Grizzly Night Review: A Ferocious Bear Thriller with Human Flaws
Grizzly Night Review: Bear Thriller's Human Flaws

Grizzly Night Review: A Ferocious Bear Thriller with Human Flaws

Grizzly Night, the debut feature from director Burke Doeren, presents a gripping yet uneven campsite thriller that pits rogue bears against wayward teens. Based on a real-life 1967 tragedy in Montana's Glacier National Park, where two women were mauled to death by grizzlies, the film aims for a serious tone closer to Grizzly Man than the more absurd Cocaine Bear.

A Terrifying Premise with Convincing Ferocity

The terrifying animal at the centre of this thriller is convincingly ferocious, bringing a raw and immediate sense of danger. The initial attack scene, with characters Julie and Roy caught prone in sleeping bags, conveys with horrendous immediacy what it must be like to be at the mercy of a quarter-ton of fur and muscle. Doeren hammers home the verisimilitude by using the visitors' lodge to firmly establish the geography and vulnerability of the nervy rescue mission.

Protected only by a fire bucket, the attempt to reach the screaming Julie is fraught with tension. The film cranks up this near-forensic grasp of the predicament by focusing on the inflicted injuries, with doctor-in-the-house John battling to stop Roy bleeding out, while it falls to Paul to pick up the pieces at Trout Lake.

Human Elements That Fail to Match the Power

Despite the strong performance in depicting the bear attacks, the supporting humans don't match its power. Down at the park, fire season is all the rangers think they have on their plate, but they're not reckoning with wayward teenagers and rogue bears.
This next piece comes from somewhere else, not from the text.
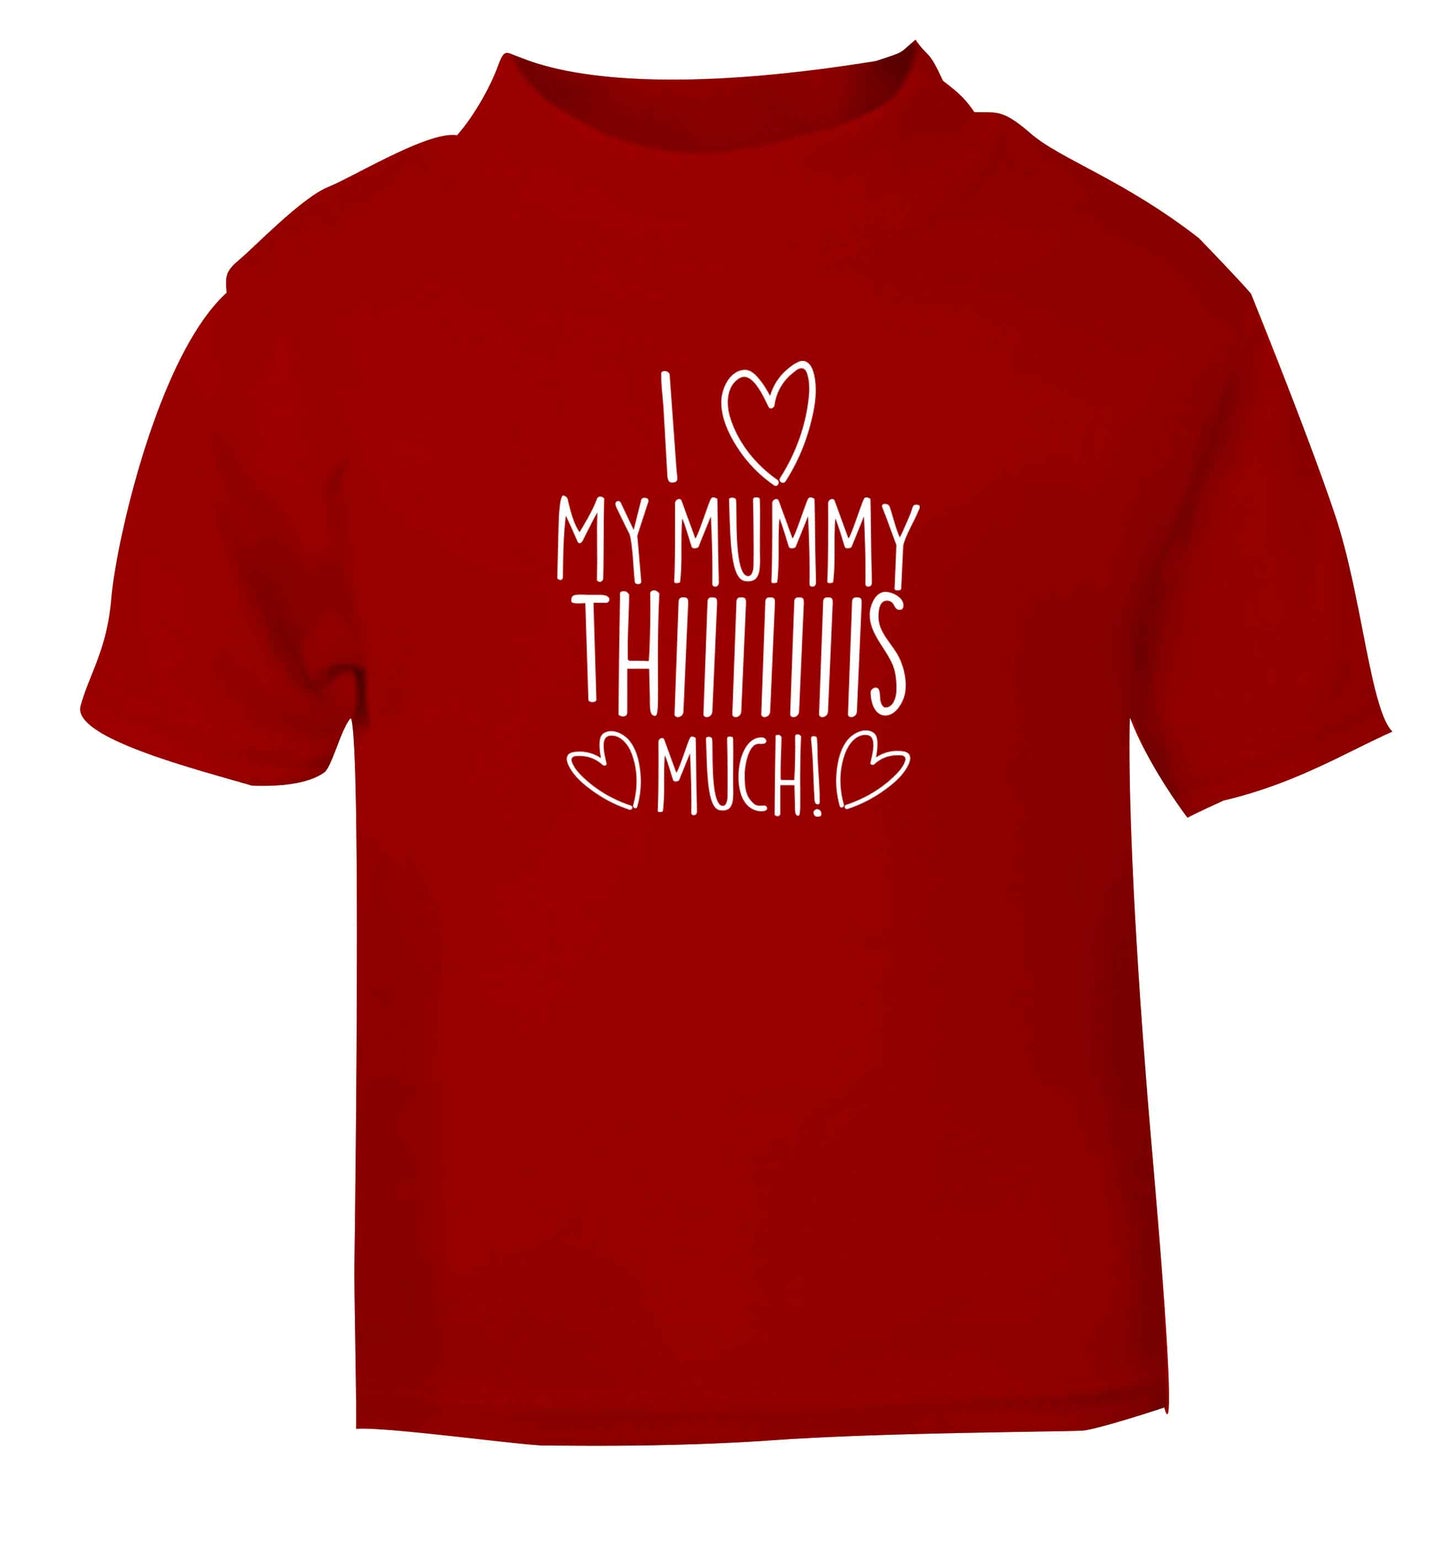 I love my mummy thiiiiis much! red baby toddler Tshirt 2 Years
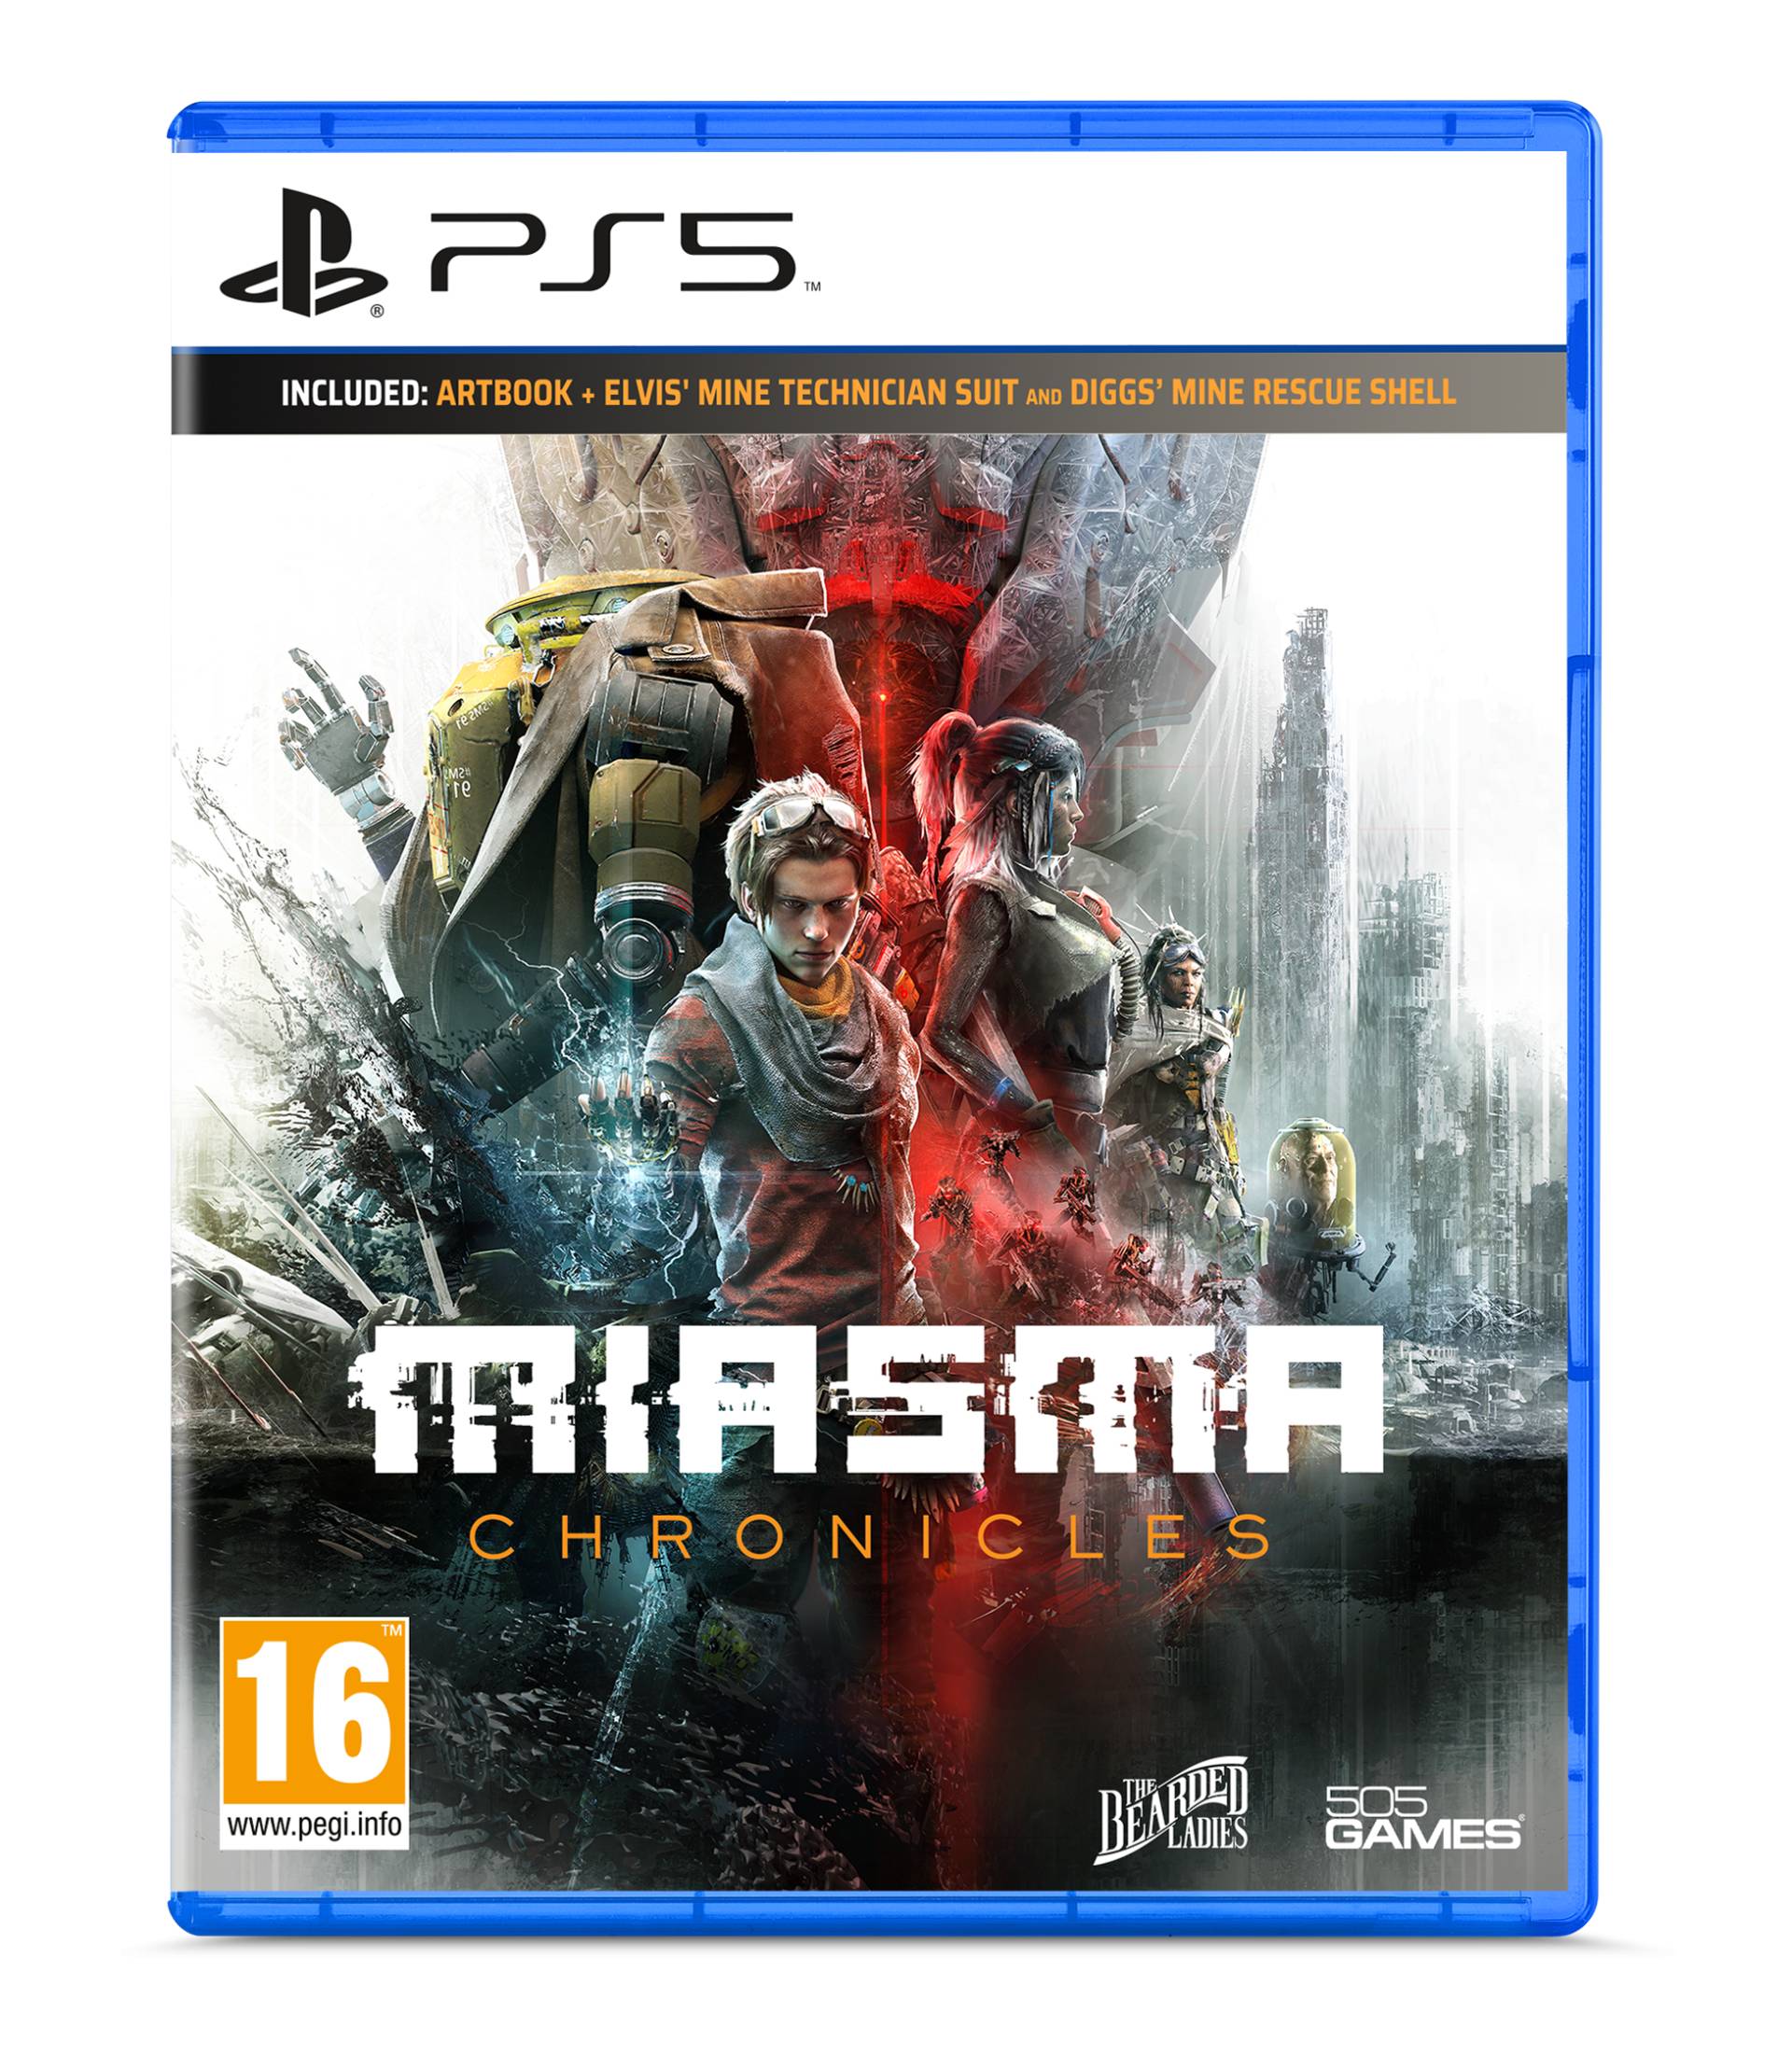 Miasma Chronicles von 505 Games

At the giftshop, Michele leans on Paul to join her posse and help her shoo off an unwanted suitor, leading to a chain of events that feels contrived.

Meanwhile, with smoke plumes occupying the rangers, rookie Joan is commandeered to lead a tour group heading out to a remote lodge. Only Joan's trial-by-fur to prove herself a leader carries any emotional or moral heft, though the final finger-wagging about sensible conservation is hard to disagree with.

An Unconvincing Framing and Setting

Given the unsparing realism in the heat of the moment, it's a pity the framing for this creature feature is so unconvincing. Shot with the overlit streaming-era sunburst look, the 1960s setting feels ersatz and lacks authenticity. The various teen entanglements, supposedly there to endear or bug us into caring about the bait, come across as Scooby-Doo level stuff, failing to add depth to the narrative.

Doeren clearly has a feel for the bear necessities, crafting scenes of animal attack with precision and fear. However, the human interest hardly gets its boots on, leaving the film feeling lopsided. While the terrifying animal moments grip in tooth'n'claw terms, the overall execution is considerably less sure-footed when it comes to people.

Grizzly Night is available on digital platforms from 2 February. It offers a mixed experience: ferocious and frightening in its depiction of wildlife danger, yet stumbling in its attempt to weave compelling human drama into the survival thriller framework.